Quels sont les frais pour l'achat de parts de SCPI ?
Les frais d'entrée frôle généralement les 10%. Les frais de sortie (en cas de revente) se chiffre aux alentours de 5%, auquel il faut ajouter les prélèvements sociaux. A noter que ce capital doit rester bloqué pour un minimum de 5 ans.

 

Comment se passe la revente des parts ?

Pour les SCPI à capital fixe, les parts sont rachetées par d'autres associés ou de nouveaux souscripteurs. (ce qui peut poser un problème pour la revente)

Pour les SCPI à capital variable, les parts sont rachetées directement par la SCPI concernée.

Dans ces deux cas, les reventes permettent d'encaisser les plus-values réalisées. Par ailleurs, les parts de SCPI sont transmissibles aux héritiers.

 

Souscrire des parts de SCPI présente-t-il des risques ?

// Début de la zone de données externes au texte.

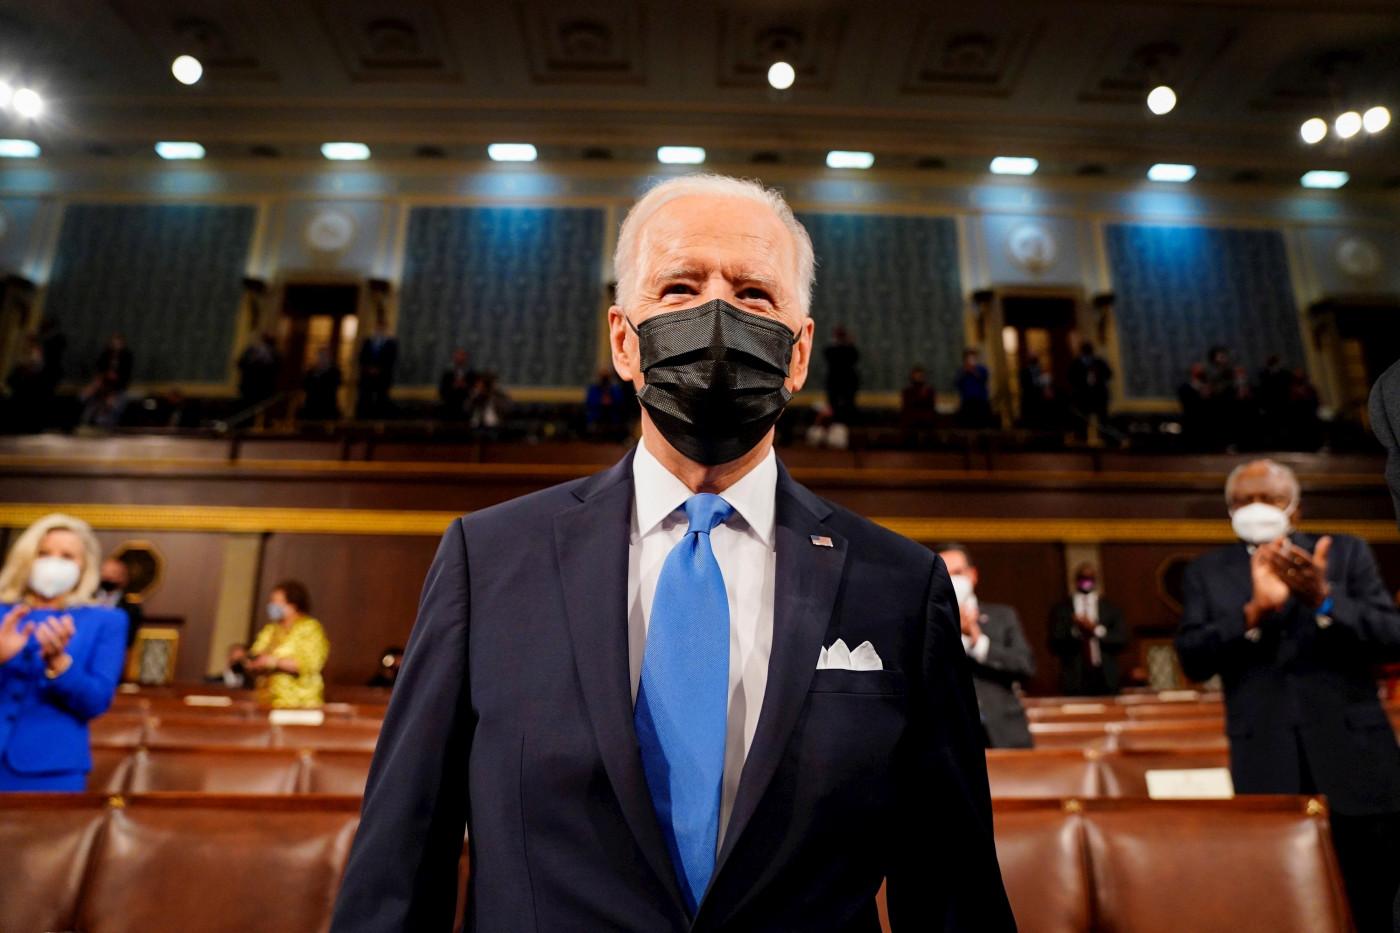 O presidente dos Estados Unidos, Joe Biden, durante discurso dos 100 primeiros dias do governo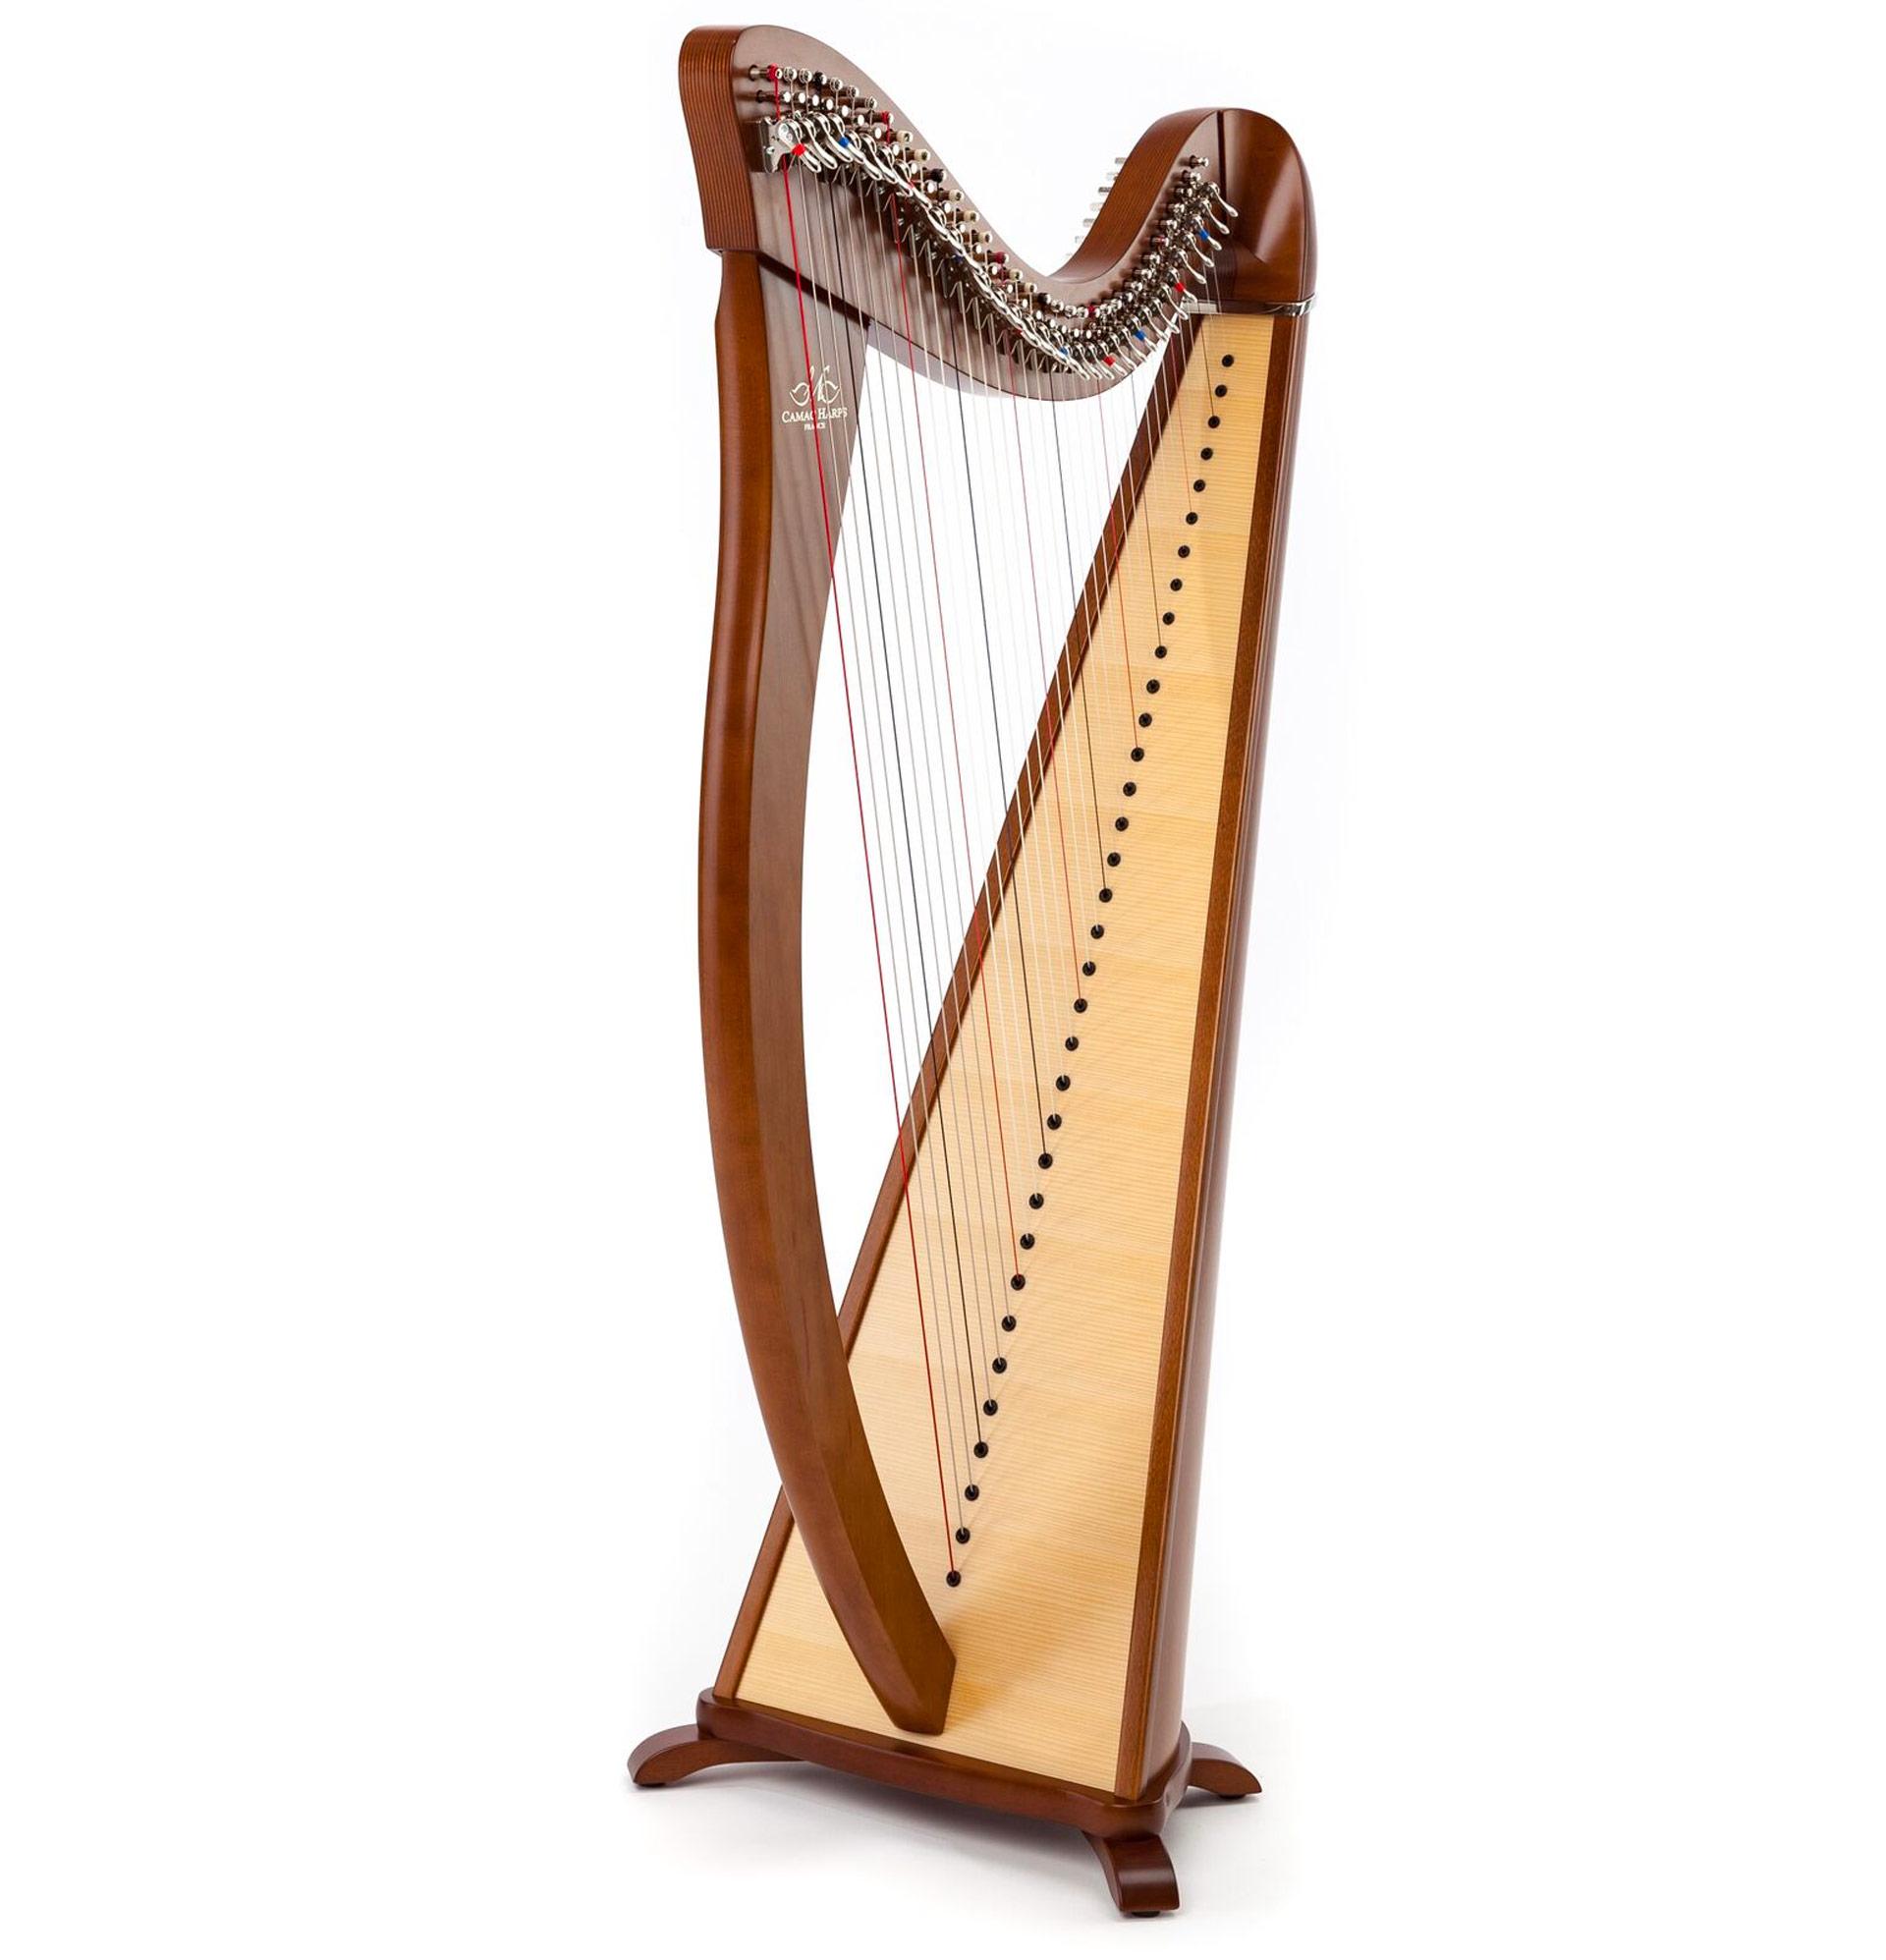 Harppu: Camac Hermine, pähkinä

Si vous choisissez une SCPI solide, les risques sont limités à la volatilité du marché immobilier, c'est à dire que d'une année sur l'autre, vous n'aurez peut être pas la même revalorisation des parts.

 

Quels sont les avantages ?

Vous êtes propriétaire sans avoir les inconvénients de gestion d'un patrimoine immobilier.

Les SCPI fiscales offrent un bel effet de levier, surtout si vous optez pour un achat à crédit, les intérêts de celui ci étant déductibles des impôts.

 

 

Compte tenu des frais de gestion, souscrire des parts de SCPI à partir de 10000 euros est très intéressant, surtout avec l'effet de levier crédit/avantages fiscaux. En deçà, il faudra sortir les calculettes et considérer que l'on risque de se compliquer la vie pour pas grand chose, sachant que des livrets d'épargnes peuvent nous servir autant d'intérêts sans les inconvénients bureaucratiques.